Não são todos, mas os que o são, são demasiado.

Podia ter sido diferente, mas não foi, porque se não quis e não se trabalhou e criaram disponibilidades e meios para se elevar a qualidade e a quantidade da matéria crítica, quantos mais melhor, para ganhar confiança em decisões e desafios mais responsáveis, bem pensados, bem planeados, bem escolhidos, bem executados, bem monitorizados, bem fiscalizados, bem concluídos, tendo como objectivo único e inalienável a obtenção de níveis de sucesso, a bem da comunidade e do progresso. O que só teria sido possível com um investimento na educação, no ensino, na cidadania, na comunidade. E currículos de estudo coerentes e úteis.

Mas podia não ter sido assim, não deveria ter sido assim. Então, por que razão ou razões é que foi assim? Tantas questões e tantas outras, algumas sabendo-se a resposta apesar de nunca ter sido dada, outras, mistérios insondáveis, e muitas tão incompreensíveis e desconcertantes.
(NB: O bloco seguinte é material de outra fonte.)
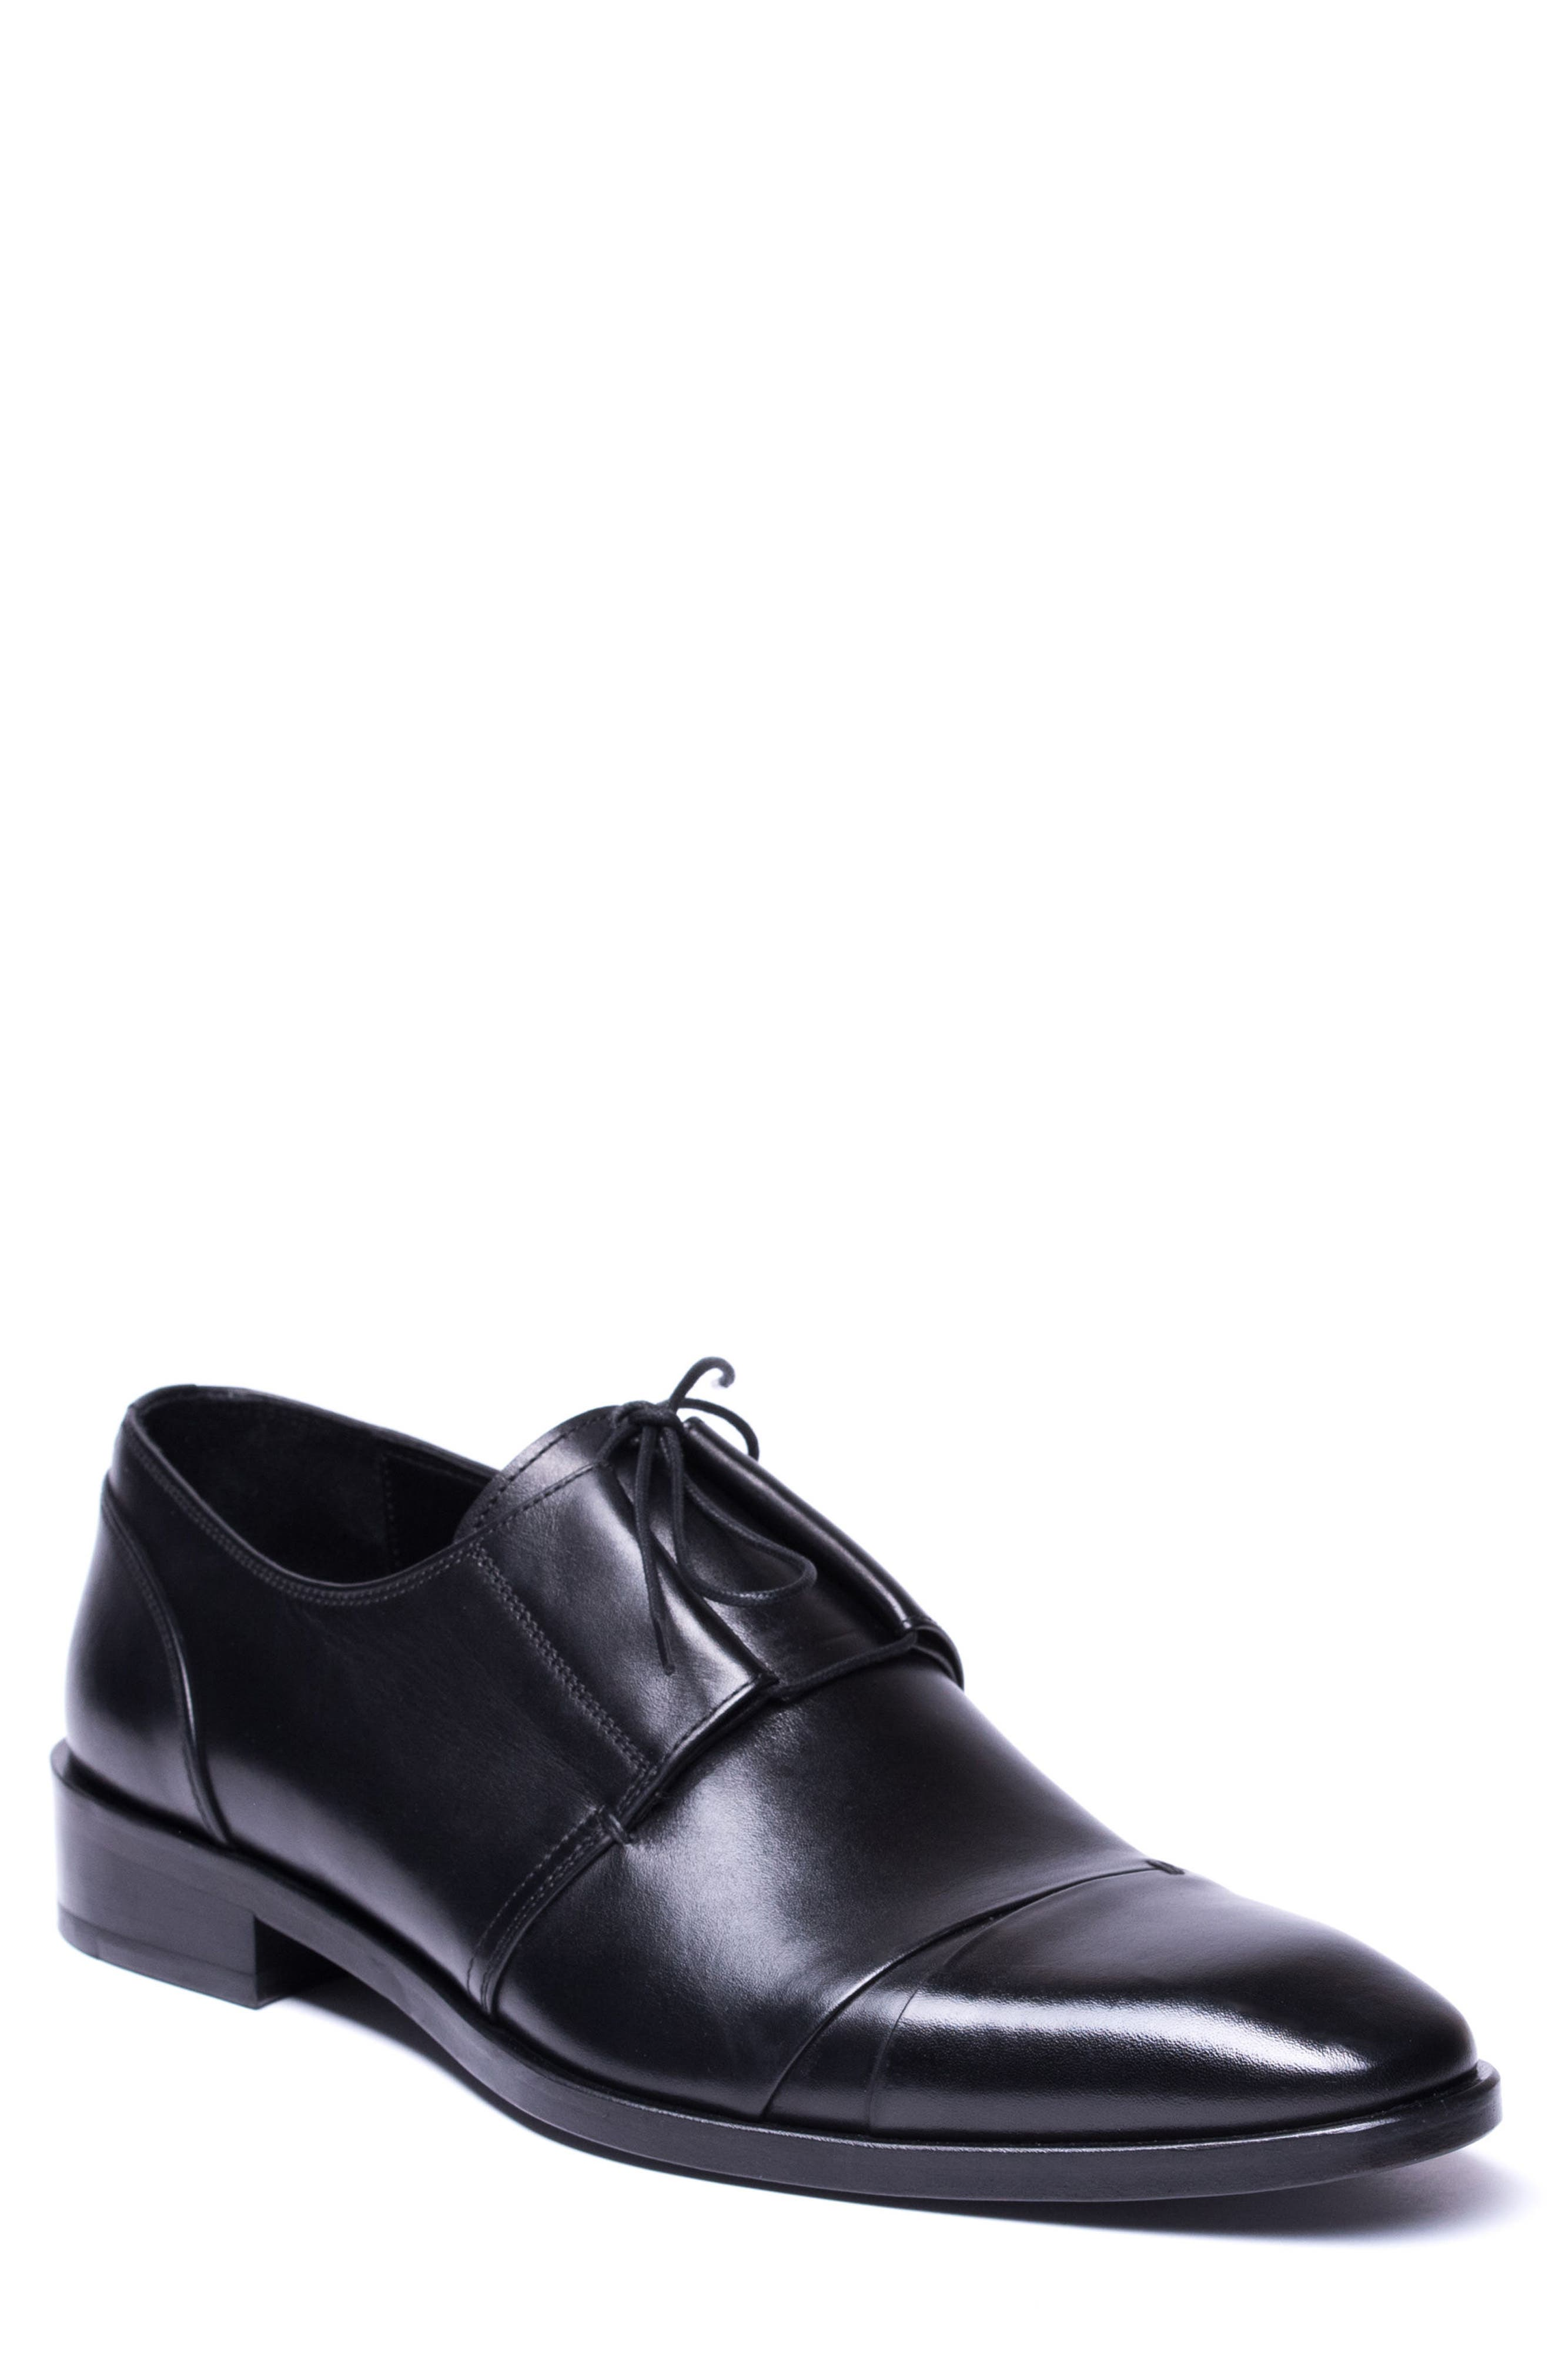 Danny Cap Toe Derby,                         Main,                         color, Black Leather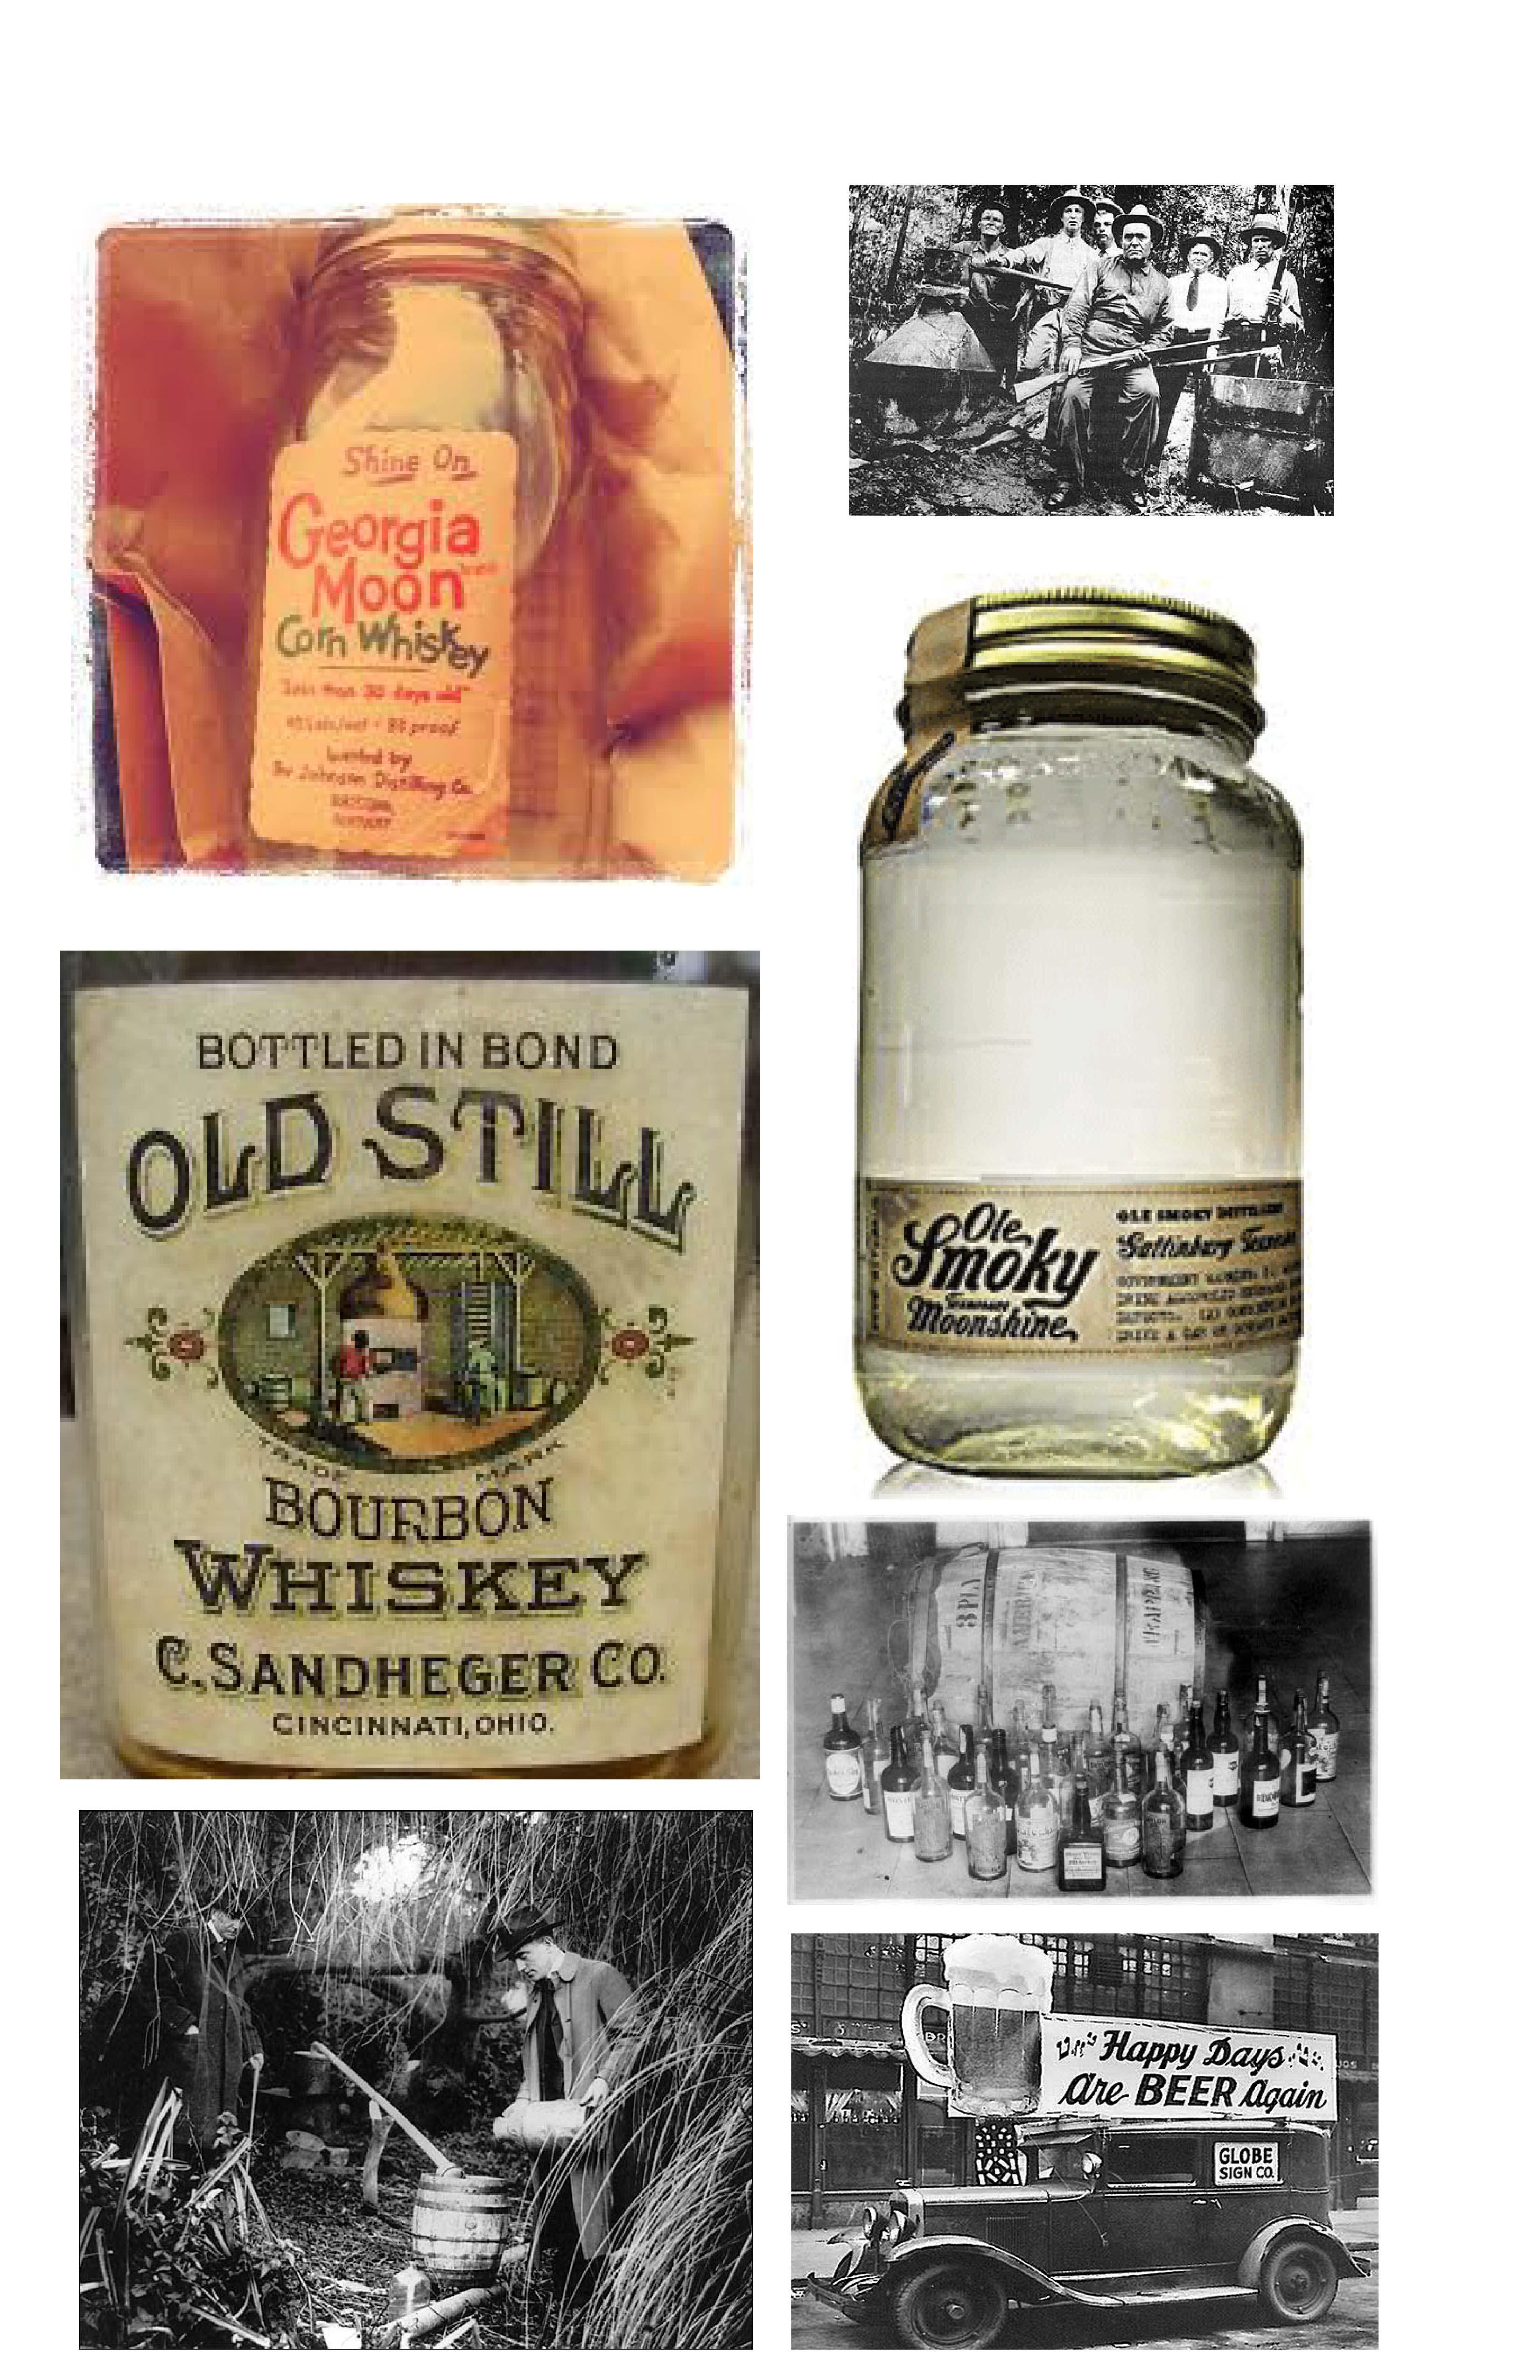 Hooch Moonlight Whiskey - image 3 - student project

São tantas as palavras que dilaceram, doem, corroem de tristeza e frustração: progresso social e material, educação, cultura, língua, saúde, justiça, habitação, protecção da infância, velhice, harmonia e ambiente, protecção civil, equanimidade, solidariedade, empatia, dignidade, respeito, verdade.

Facadas profundas, persistentes, desalento e desistência.

Haverá quem diga, até com alguma alteração na voz, que não se pode comparar; o que era e o que é: as condições de pobreza, a insalubridade do viver, a expressão do pensamento livre oprimido. Mas, também foi assim noutras geografias, na diversidade das adesões à União Europeia, e se vamos a comparar, veja-se onde esses países já vão (alguns tão pobres e oprimidos), em menos tempo, e a nossa imobilidade, estátuas melancólicas de gelo, a perder a forma derretendo na agonia das gotas que não solidificam mais. E os outros a passarem à frente, acenando adeus, com sorrisos cínicos, e com razão.

O que falhou? Nós? Todos? É da natureza intrínseca da genética colectiva? É da geografia? É do que se come? É do que se bebe a mais?

Até prova em contrário, algumas flores vão continuar a florescer no mês de Abril, mas deixaram de ser viçosas. A cor vai-se esbatendo e a palidez e maciez, sinais vincados de uma degenerescência galopante, tomam conta do espaço da fotografia panorâmica, onde uns sentados, outros de pé, todos fazem um sorriso mais ou menos de conveniência na fotografia obrigatória do dia.

De que serve celebrar um sonho rendilhado e esgaço, que se escapou das mãos insensíveis que não souberam moldar, frutificar, acariciar e proteger das intempéries?

Uma data, nada mais, a cair, cada vez menos sonante na amnésia do dia seguinte.

Para o ano, grandes comemorações e todos a puxarem a si os brilhos da democracia, com molhos de cravos nas lapelas, a esgaçarem de tanto peso. Todos capitães de Abril, mesmo os que nem sequer fizeram serviço militar. E o povo, a bater palmas, e tanto faz se são as marchas populares que descem a avenida se é a manifestação do 25 de Abril, é tudo parecido. Haja festa e saúde.